First we need a variable argument function which pipelines all the arguments but the last one in reverse order via .
and then applies the resulting function to the last argument:
class App a b c r where
app :: (a -> b) -> c -> r
instance (b ~ c, App a d n r1, r ~ (n -> r1)) => App a b (c -> d) r where
app c f = \n -> app (f . c) n
instance (a ~ c, r ~ b) => App a b c r where
app c a = c a
Works like this:
*Main> app not not not True
False
*Main> app (+3) (*2) 2
10
Then expand it with a custom rule for our predicate type type Pred = String -> String -> Bool
:
type Pred = String -> String -> Bool
instance (StringGroupable b c, App a c n r1, r ~ (n -> r1)) => App a b Pred r where
app c p = app ((groupStringBy p :: b -> c) . c)
And finally wrap it in rGroupBy
(supplying id
function to be the first in the pipeline):
rGroupBy :: (App [String] [String] Pred r) => Pred -> r
rGroupBy p = app (id :: [String] -> [String]) p
Now it should work for any number of grouping predicates of type Pred
producing the list of the depth equal to the number of supplied predicates:
-- gives: [["1.1","1.2.1","1.2.2"],["2.1","2.2"],["3"]]
test2 = rGroupBy (deweyGroup 1) inp
-- gives: [[["1.1"],["1.2.1","1.2.2"]],[["2.1"],["2.2"]],[["3"]]]

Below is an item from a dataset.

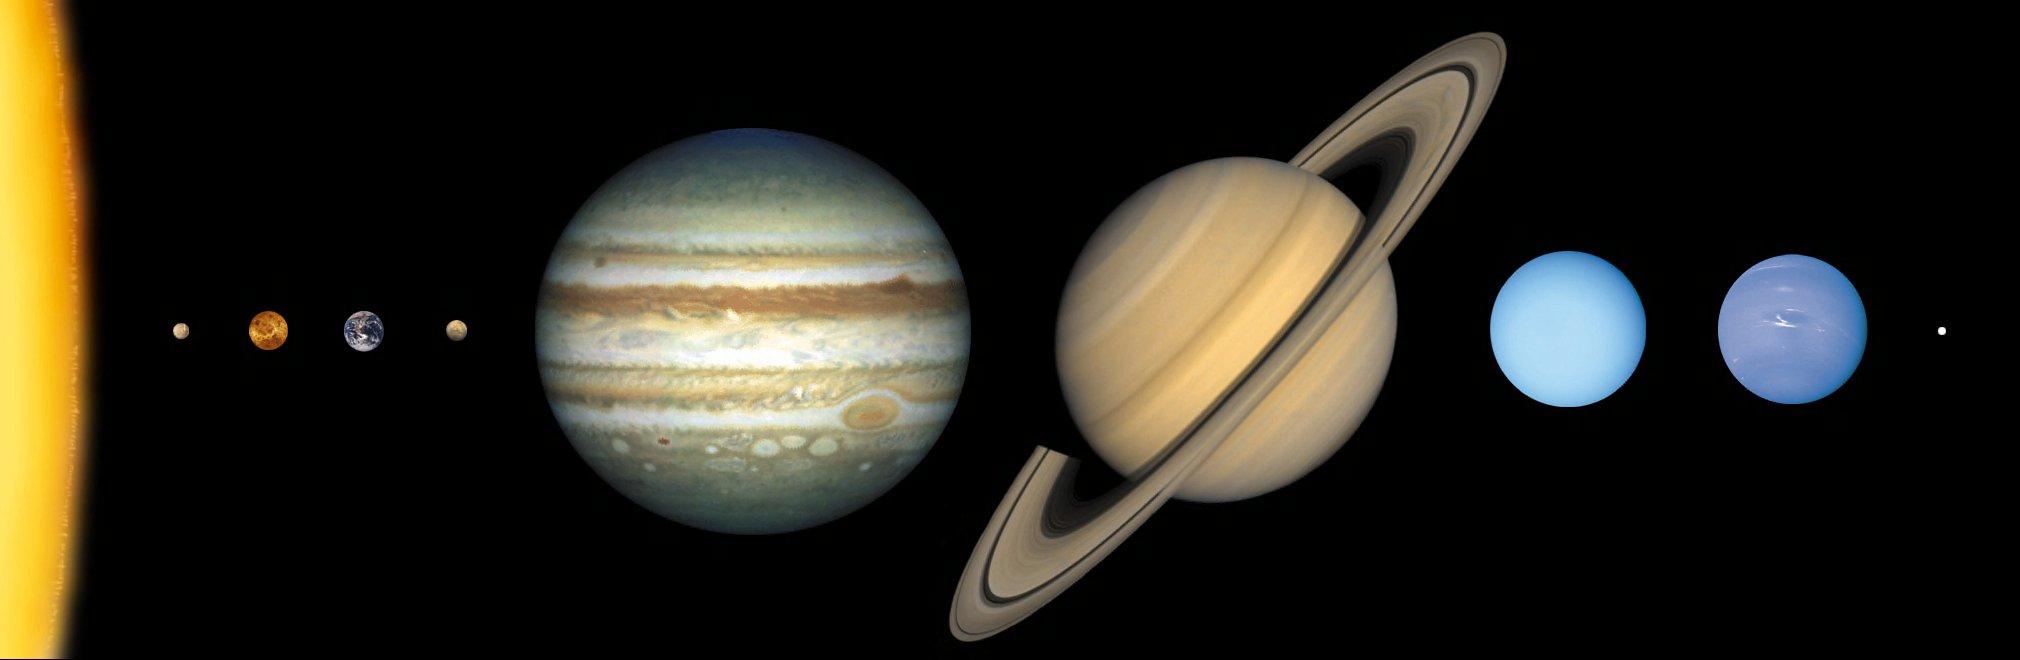 nasa solar system portrait - photo #23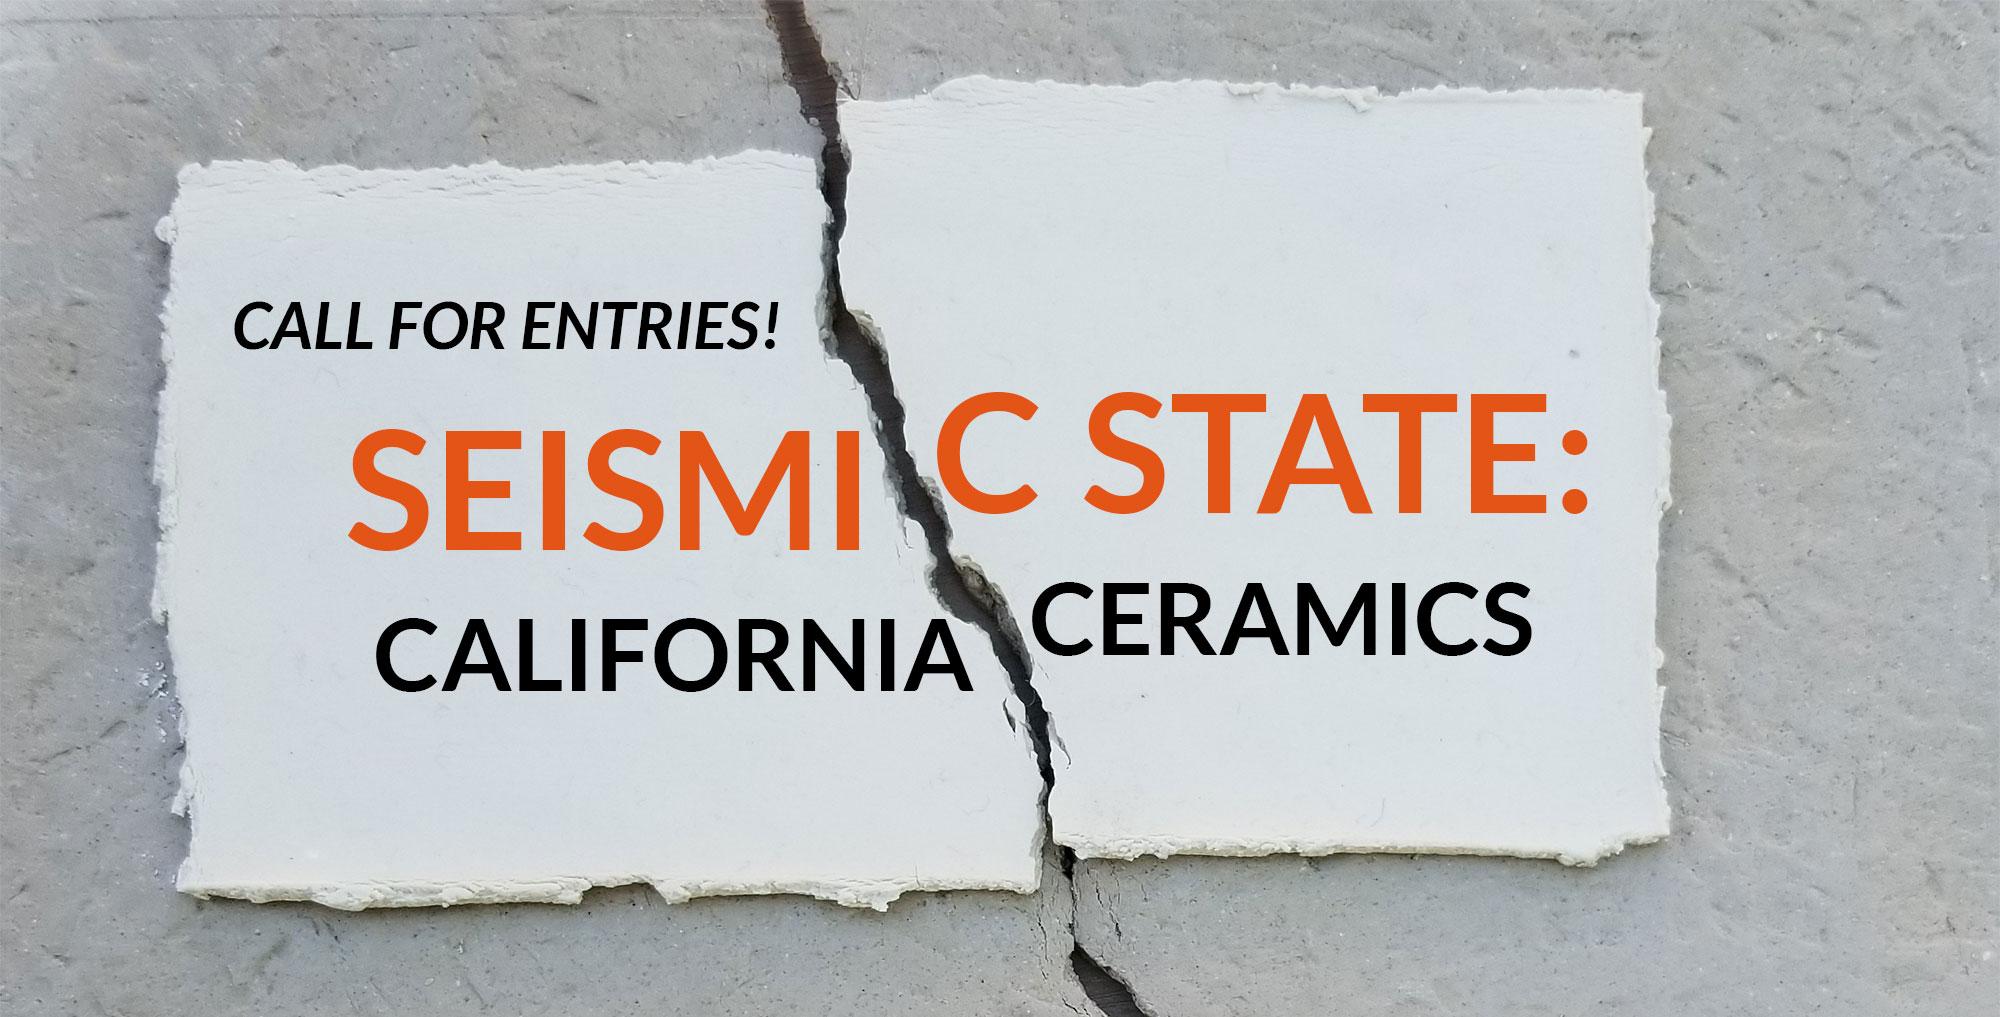 Seismic State: California Ceramics - Call for Entries

test3 = rGroupBy (deweyGroup 1) (deweyGroup 2) inp
-- gives: [[[["1.1"]],[["1.2.1","1.2.2"]]],[[["2.1"]],[["2.2"]]],[[["3"]]]]
test4 = rGroupBy (deweyGroup 1) (deweyGroup 2) (deweyGroup 1) inp
So it is possible (and probably can be simplified) but as always with this sort of hackery is not recommended to be used for anything but the exercise.